FABULOUS work. THANK YOU!!

Bojan Koprivica said...

floydarogers,

Thanks and you are absolutely right. What this model doesn’t account for is the “element of surprise”, such as a pitch inside when it should be outside, a fastball instead of a curveball and such (not that a pitch 10 feet in front of the catcher is not a “surprise”).

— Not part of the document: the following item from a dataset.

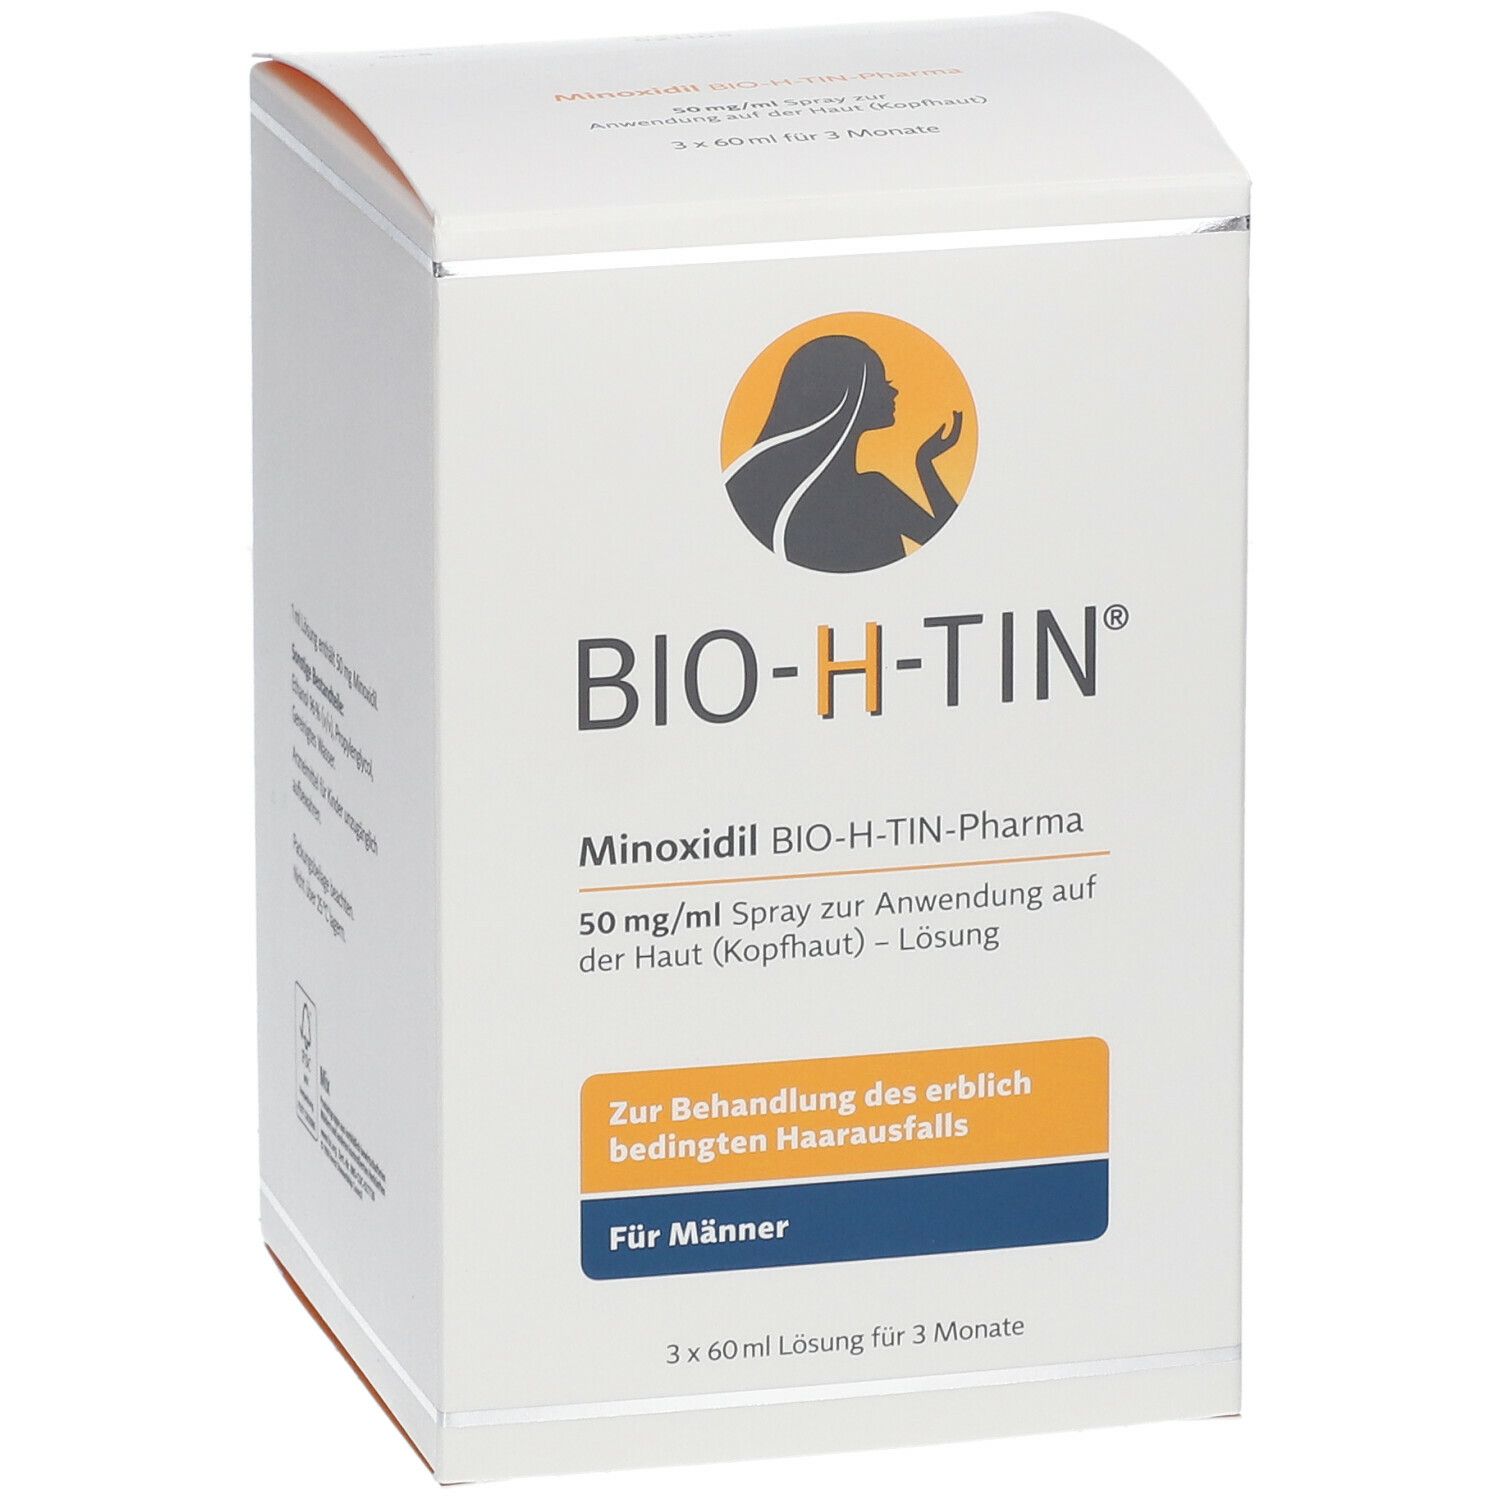 Minoxidil BIO-H-TIN 50 mg/ml

I am afraid you are also correct on the difficulty of implementing it into the model, at least with the data that is publicly available to me right now.

Tim_the_Beaver said...

great post for THT and glad you shared with AN. just fantastic. Can I start calling you ‘Bro’jan?

Brandon T said...

Great work! This answers a question that’s been around for a long time. Once question, though: if we throw out Wakefield for 2011 (both easy to steal on and hrad to catch), where does Salty end up, i.e. what’s his true talent, non-knuckleball division?

Bojan Koprivica said...

Brandon, I don’t have the “making of” numbers for throwing out baserunners, so I can only go with the final number that FanGraphs offers. Sorry.

As for blocking pitches, if we remove knuckleballs out of the equation, we are left with following:

cPP = cPP(all) – cPP(KN) = 86-2 = 84

PP = PP(all) – PP(KN) = 117-32 = 85

Sample size = 10075 – 510 = 9565

So, without having to worry about Wakefield’s knuckleball, Salty appears to be perfectly average in blocking pitches.